On Tuesday, I joined the amazing Liz Claman on Fox Business’ The Claman Countdown to discuss markets, the economy, outlook, rotation, positioning, the consumer, PayPal (PYPL), Etsy (ETSY), and more. Thanks to Liz, Brooke Haliscak, and Jake Mack for having me on.

On Wednesday, I joined the great David Asman on Fox Business’ Varney & Co. to discuss markets, the economy, outlook, SpaceX (SPCX), Dentsply Sirona (XRAY), VF Corp (VFC), and a lot more. Thanks to Stuart Varney, Maggie Edwards, and David for having me on.

This week, I joined Phil Rosen on the Full Signal podcast to discuss markets, the economy, outlook, rotation, PYPL, VFC, ETSY, XRAY, and more. Thanks to Phil for having me on.

On Monday, I joined Lance Glinn on NYSE TV to discuss markets, the economy, outlook, rotation, positioning, Iran, the Fed, and more. Thanks to Lance and Mel Montanez for having me on.

On Tuesday, I joined Diane King Hall on the Schwab Network to discuss markets, the economy, outlook, positioning, rotation, the consumer, Baxter (BAX), Hormel (HRL), and more. Thanks to Diane and Kaitlyn Crist for having me on.

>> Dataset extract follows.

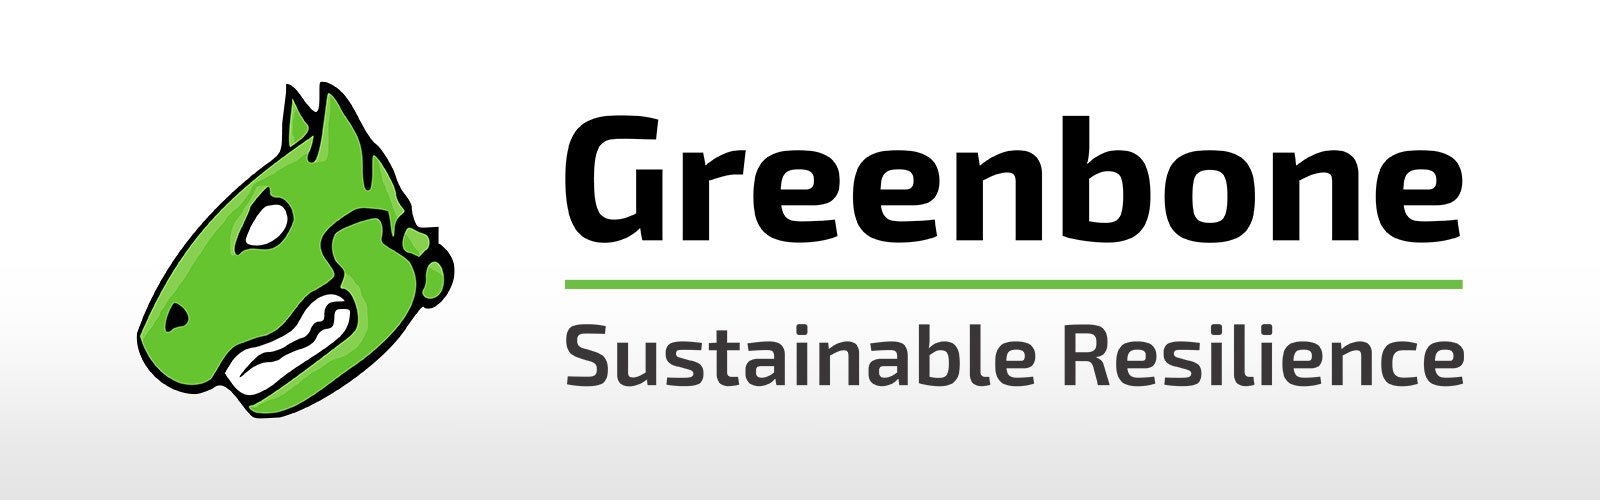 Greenbone - Sustainable Resilience

Bank of America (BAC) Fund Manager Survey Update

On Tuesday, we put out a summary of the monthly Bank of America Global Fund Manager Survey. This month, they surveyed 200 institutional managers with ~$517B in AUM:

Here were the 5 key points:

1) 56% of fund managers now describe AI stocks as being in the “boom” phase of the cycle, where momentum accelerates and FOMO draws in new buyers. Just 21% characterize the environment as euphoric, while not a single respondent views the trade as being in panic territory. We largely agree and continue to view AI as being closer to the middle innings than the ninth. That said, the trade appears increasingly due for a breather. With internal cash flow running dry and debt markets bumping against their practical ceiling, hyperscalers have transitioned from net buyers of their own stock to net sellers for the first time in many years, leaning more heavily on equity issuance to finance the AI arms race. The day management teams begin walking back capital spending commitments, potentially later this year if funding demand weakens, is when the real bargains will begin to surface in the AI trade. Until then, we continue to see better uses per dollar of capital in the neglected corners of the market, namely consumer-facing businesses and “boring” defensive names.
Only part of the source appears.